12 Decision Trees and Rule Induction
Decision trees are a popular and powerful technique for deriving classification and prediction rules from data. One of the chief advantages of these techniques is that the rules produced are easily expressible in SQL or English. This chapter explains several variations on the decision tree theme, including CART and CHAID. Examples of decision trees being applied in practice come from the banking and manufacturing industries.
13 Artificial Neural Networks
ANN is the most well-established of all the advanced data mining techniques despite some serious drawbacks. This chapter explains how neural networks work and describes some of the many variations that readers are likely to encounter. Examples of neural networks in use will be drawn from the credit card industry. Genetic Algorithms This techniques has excited a lot of interest recently. The technique is explained and an example is given where genetic algorithms are used to optimize the distance function used in memory-based reasoning.
14 Genetic Algorithms
This techniques has excited a lot of interest recently. The technique is explained and an example is given where genetic algorithms are used to optimize the distance function used in memory-based reasoning.
15 Data Mining and the Corporate Data
Although it is certainly not necessary to have a data warehouse in order to do data mining, if a warehouse has been built, data mining will greatly increase its value.
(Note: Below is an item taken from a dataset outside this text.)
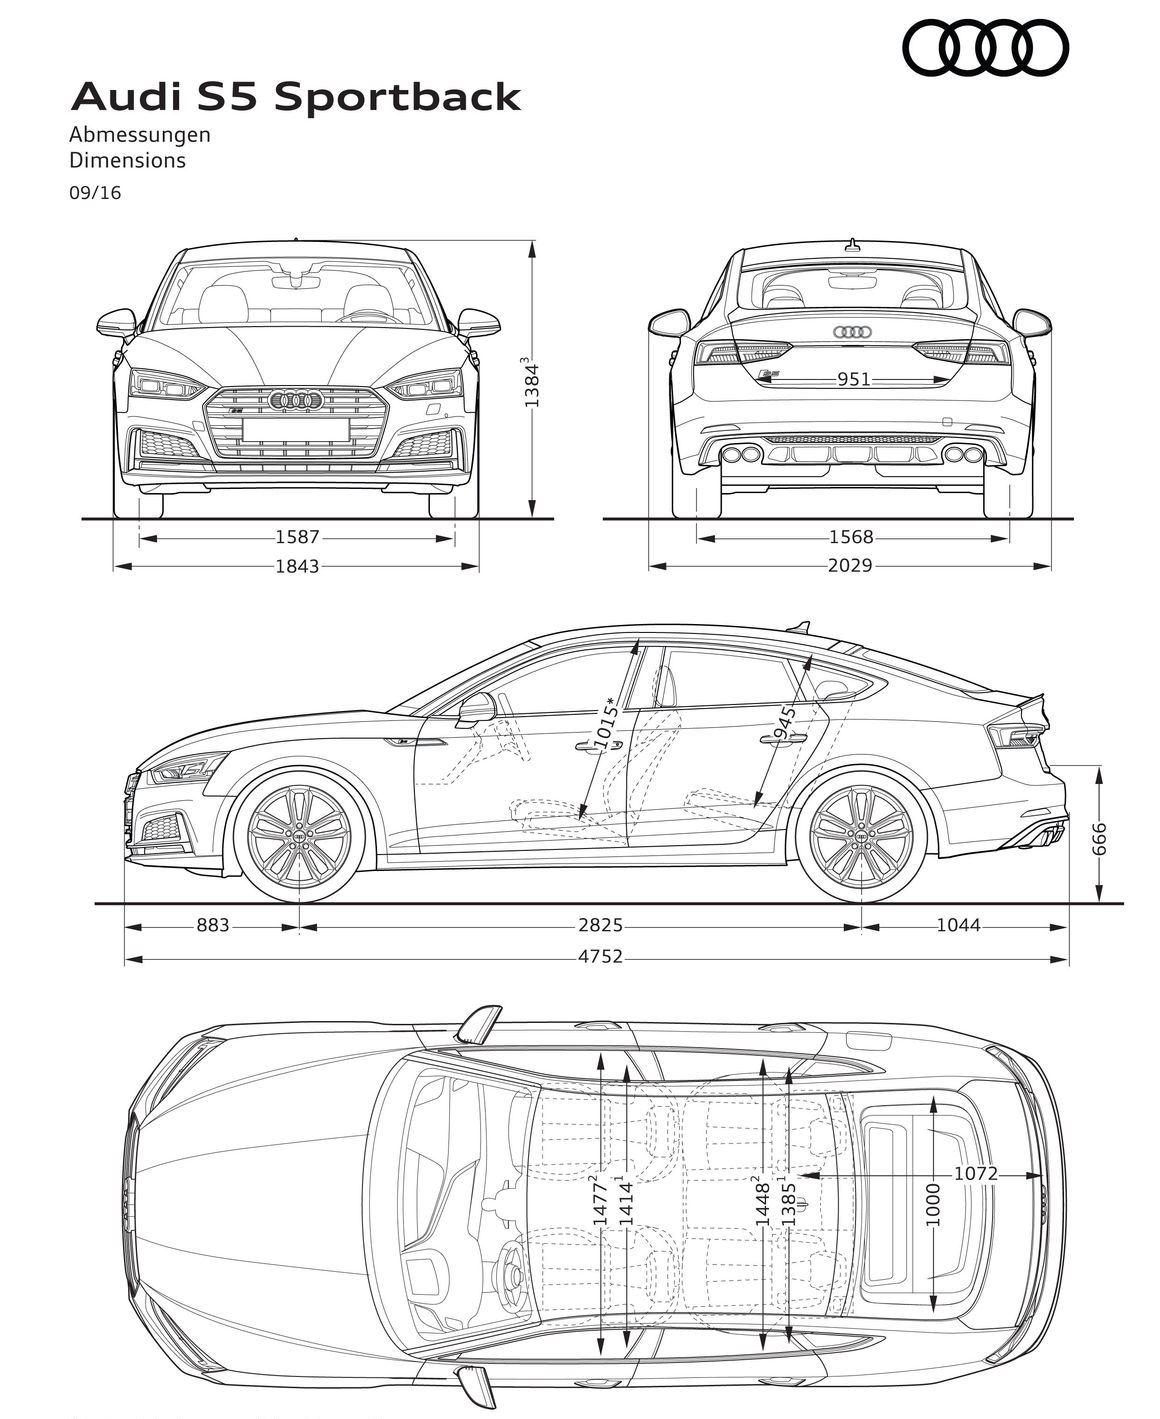 Audi S5 Sportback 2016-2017 Dimensioni e Misure bagagliaio

If a warehouse has not yet been built, data mining can provide guidelines for maximizing the return from the investment in the warehouse.This chapter will discuss how to integrate data mining with an existing data warehouse and how to design a data warehouse that will effectively support data mining.
16 Where Does OLAP Fit In?
The advanced data mining techniques discussed in this book complement more familiar analytic tools such as multi-dimensional database front-ends, SQL query generation tools, statistical packages and spreadsheets. This chapter places data mining within this larger context and shows how data mining can improve the effectiveness of other decision support tools.
17 Choosing the Right Tool for the Job
In this chapter, we discuss the issues that must be considered when selecting software for data mining. We present a checklist of desirable features and explain the importance of each.
Transparency of access to databases and files
Levels of interface
Comprehensibility of output
Availability of graphics and visualization
Ability to handle diverse data types
Ease of use
Availability of support
18 Putting Data Mining to Work
This chapter provides a road map for introducing advanced data mining into a corporation. We draw on our experience with successful data mining engagements with MRJ.